Jimin scoffed and tilted his head. "You were gullible enough to think I actually like you...are you that stupid?" My eyes looked away from his gross face. "You really are disgusting. I may not be beautiful on the outside but i'm beautiful on the inside, unlike you." He chuckled as I turned around and walked off, stomping in my steps. This bitch.

At home ~

"Hi mum, I'm home." My mum smiled as I ran upstairs. For some reason, I ended up staring at myself in the mirror. Maybe I should make myself look more presentable, It could benefit my health and my love life. A pout creeps onto my face as I fall back onto my bed. My eyes closed.

The next day ~

It was the last day of school and I got up, rubbing my eyes. Normally I would be bursting with energy but that didn't seem the case today. I got ready and ran to school for a change, seeing Wendy smiling. "Y/N! Finally, it's the last day of school!" She grins, making me automatically smile. "Yeah." Wendy grabs onto my arm, pulling me to class. "Is something wrong?" I show a fake smile, hiding my pain. I like to think i'm strong but it's hard to get over a first love. "Jimin broke up with me yesterday." Wendy sighed heavily, hugging me tighter. "He doesn't know what he's missing out on. You're beautiful, amazing and genuine unlike these other fake girls." I chuckled, walking to our classroom.

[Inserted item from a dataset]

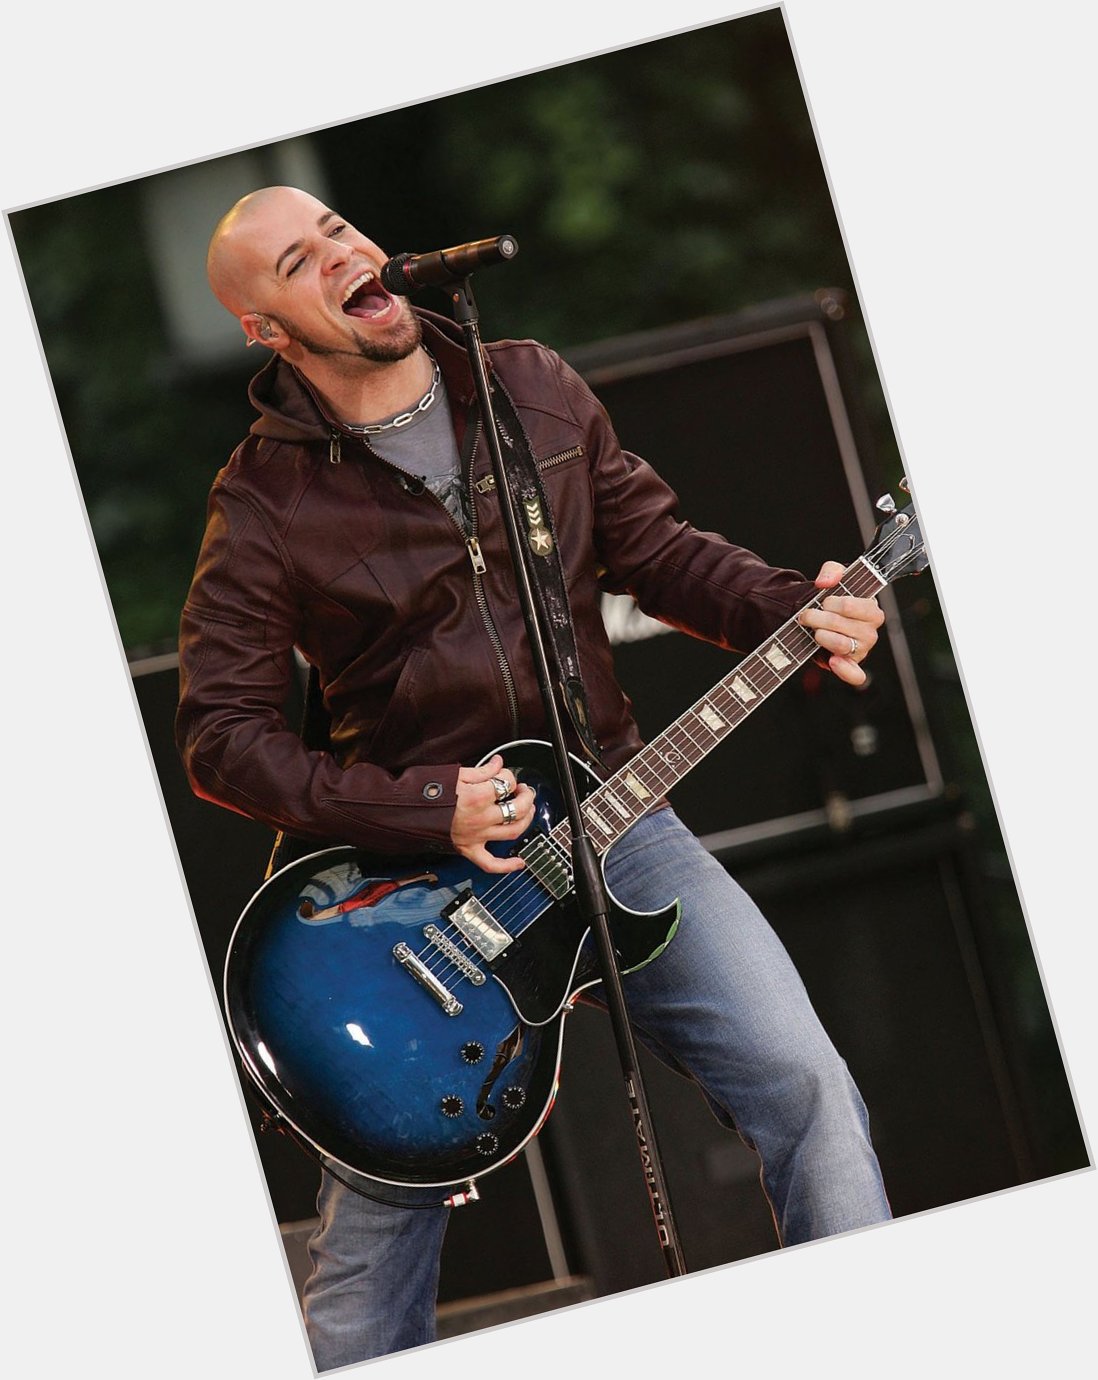 Happy Birthday to Chris Daughtry, who turns 36 today!

Wendy and I opened the door and I was appalled to see Jimin snogging another girl. It made my heart hurt but I was more furious than anything. His eyes fixed on me, a smirk appearing on his face. I scoffed and fell into my seat. "Might as well have a baby while you're at it, basically chewing at each others faces." I muttered underneath my breath angrily. Wendy looked at me sadly and I laughed. "Don't feel sorry for me, I understand that he doesn't love me." She shows a small smile.

The bell rang for lunch as Wendy and I got to the canteen. She pushed a tray infront of my face and I shook my head. "I don't have an appetite." Wendy pouted. "Fine, but don't starve." I chuckled as my eyes fixed on Jimin's table. He was sat next to that girl from before, watching them giggling and snuggling together was like torture but I have to accept it. I turned back to Wendy, noticing her choking on a large bit of cabbage. "Oh, Wendy! Be careful!" I grabbed her shoulder.

At home ~

I ran immediately upstairs and sighed. I really want to do something about my appearance so I'll start going to the gym and eating healthy everyday from now on. I'm sure i'll be able to do it and i'll be able to get back at Jimin also. A smirk crawls onto my lips, excited to see everyone's reaction to my new figure. Let's just hope I stick to my diet and workout plan, I'm going to be exhausted.

2 years later ~

Turns out, I managed to loose all of that weight! I'm now 5 foot 8 and 45 kg. Although I have lost all of it, it wasn't easy. As soon as summer break came along, My mum got an amazing job in America in which she decided to move into a big house. Not only has my appearance changed though, so has my attitude. I somehow don't feel scared of the teachers anymore and just talk with them normally, as I would with any other student. I haven't seen Wendy since but she still been on my mind constantly. I miss her.